Abstracting Robot Manipulation Skills via Mixture-of-Experts Diffusion Policies

ICLR 2026 Conference SubmissionAnonymous Authors

OpenReview Score: 6.5 Download Report PDF

Imitation LearningMixture of Experts

Diffusion-based policies have recently shown strong results in robot manipulation, but their extension to multi-task scenarios is hindered by the high cost of scaling model size and demonstrations. We introduce Skill Mixture-of-Experts Policy (SMP), a diffusion-based mixture-of-experts policy that learns a compact orthogonal skill basis and uses sticky routing to compose actions from a small, task-relevant subset of experts at each step. A variational training objective supports this design, and adaptive expert activation at inference yields fast sampling without oversized backbones. We validate SMP in simulation and on a real dual-arm platform with multi-task learning and transfer learning tasks, where SMP achieves higher success rates and markedly lower inference cost than large diffusion baselines. These results indicate a practical path toward scalable, transferable multi-task manipulation: learn reusable skills once, activate only what is needed, and adapt quickly when tasks change.

Abstract:

Disclaimer

This report is AI-GENERATED using Large Language Models and WisPaper (A scholar search engine). It analyzes academic papers' tasks and contributions against retrieved prior work. While this system identifies POTENTIAL overlaps and novel directions, ITS COVERAGE IS NOT EXHAUSTIVE AND JUDGMENTS ARE APPROXIMATE. These results are intended to assist human reviewers and SHOULD NOT be relied upon as a definitive verdict on novelty.

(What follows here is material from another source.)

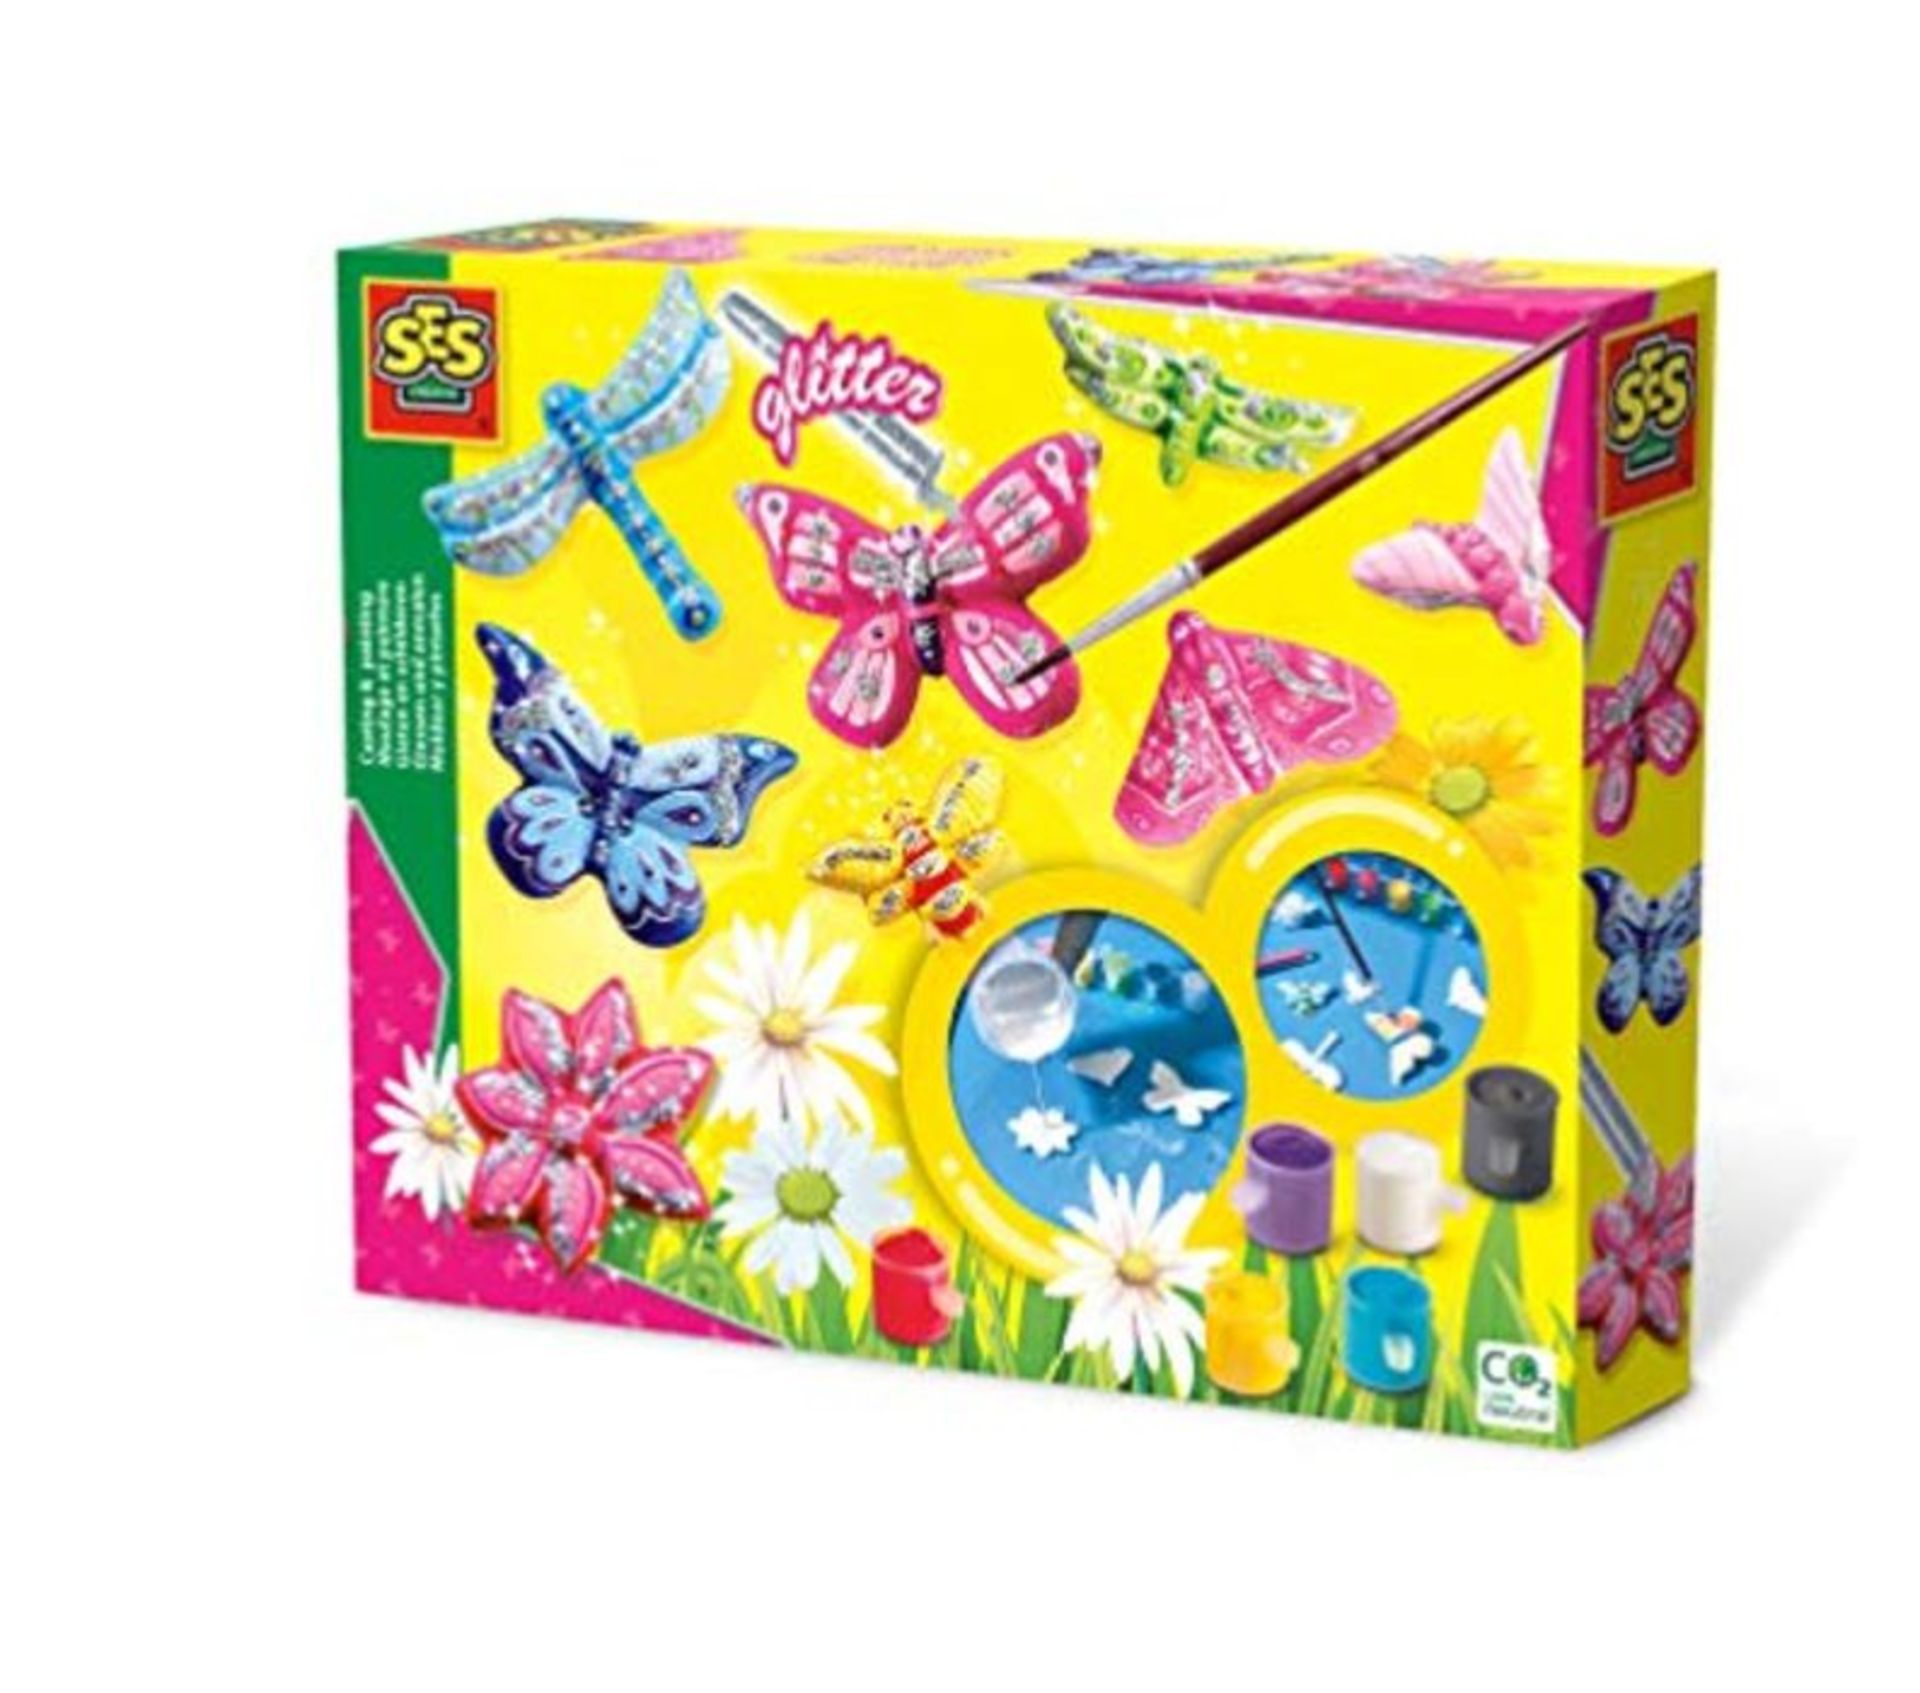 [INCOMPLETE] SES Creative 01131 Children's Butterfly Glitter Casting and Painting Set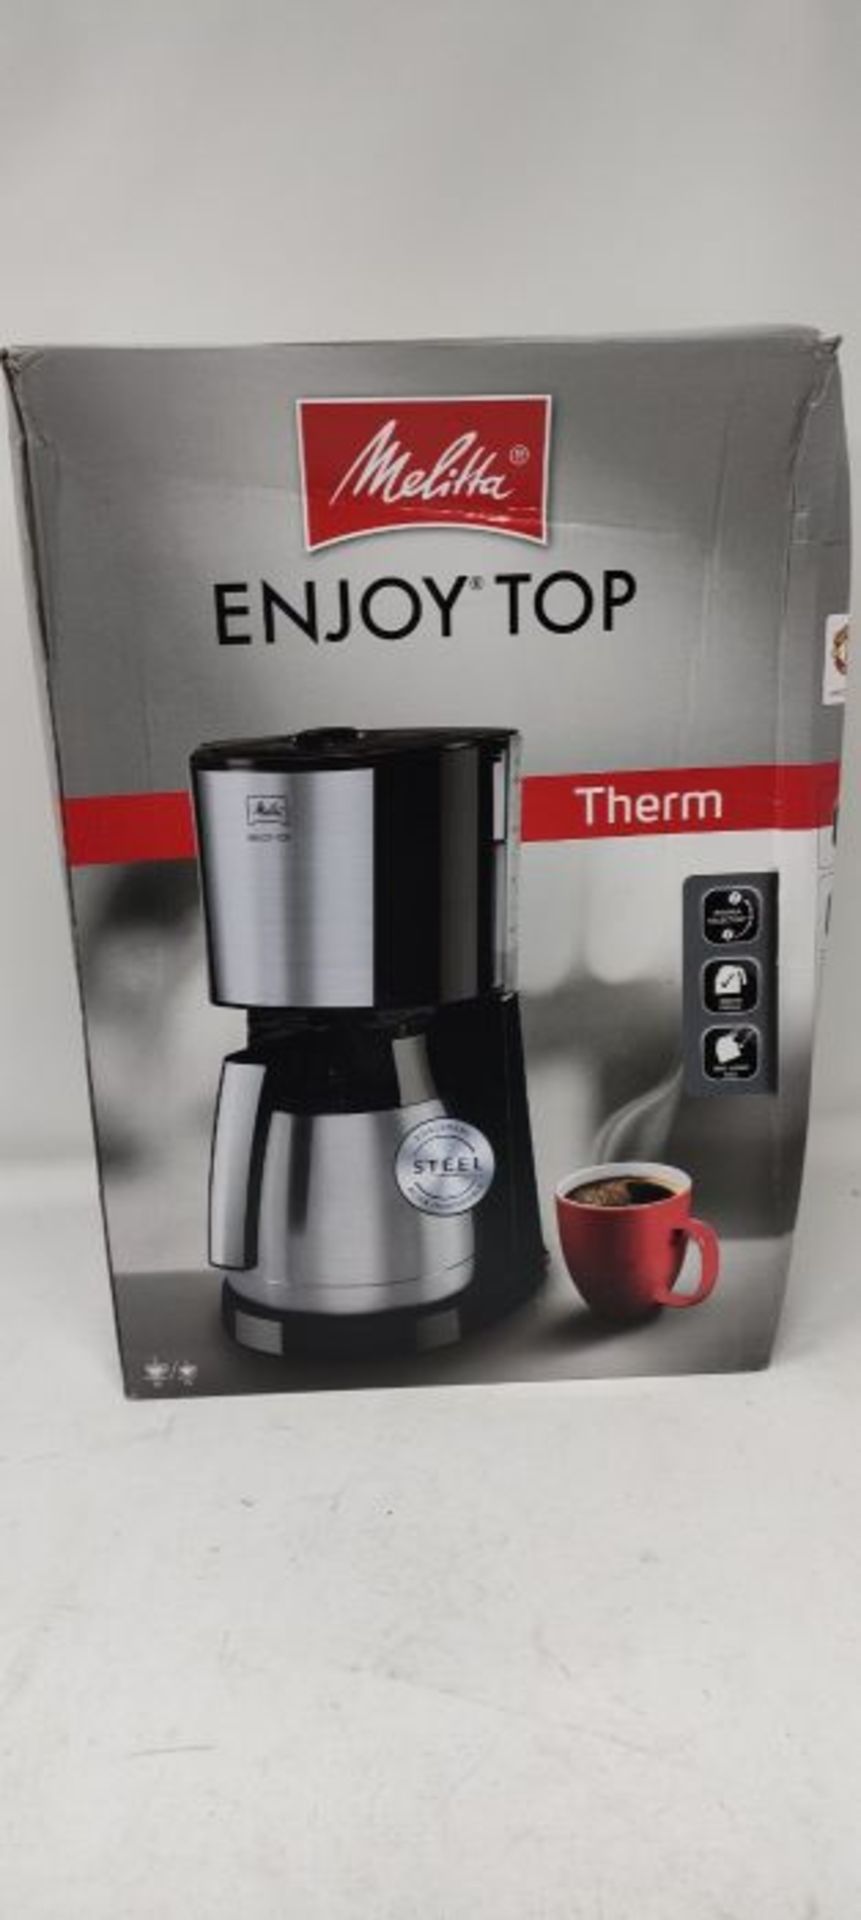 RRP £51.00 Melitta Enjoy Top Therm, 1017-08, Coffee Machine with Insulated Stainless Steel Jug, A

NOTE that some papers exist in multiple, slightly different versions (e.g., with different titles or URLs). The system may retrieve several versions of the same underlying work. The current automated pipeline does not reliably align or distinguish these cases, so human reviewers will need to disambiguate them manually.

If you have any questions, please contact: mingzhang23@m.fudan.edu.cn

Overview

Overall Novelty Assessment

The paper introduces Skill Mixture-of-Experts Policy (SMP), a diffusion-based MoE architecture that learns orthogonal skill bases and uses sticky routing to compose actions from task-relevant expert subsets. It resides in the 'Skill-Based MoE Diffusion Policies' leaf, which contains only two papers total (including this one). This leaf sits within the broader 'Mixture-of-Experts Integration in Diffusion Policies' branch, indicating a relatively sparse but active research direction focused on embedding MoE structures directly into diffusion policy frameworks for multi-task manipulation.

The taxonomy reveals several neighboring approaches: 'Denoiser-Level MoE' applies MoE to denoising transformers rather than skill decomposition, 'Language-Conditioned MoE' uses language instructions for routing, and 'Sparse Diffusion Policies' achieves efficiency through pruning rather than explicit expert specialization. Adjacent branches explore 'Distillation Methods' and 'Flow-Matching Alternatives', while more distant nodes address dexterous manipulation, locomotion, and vision-language-action models. The paper's focus on orthogonal skill bases and sticky routing distinguishes it from these related but structurally different approaches to multi-task learning.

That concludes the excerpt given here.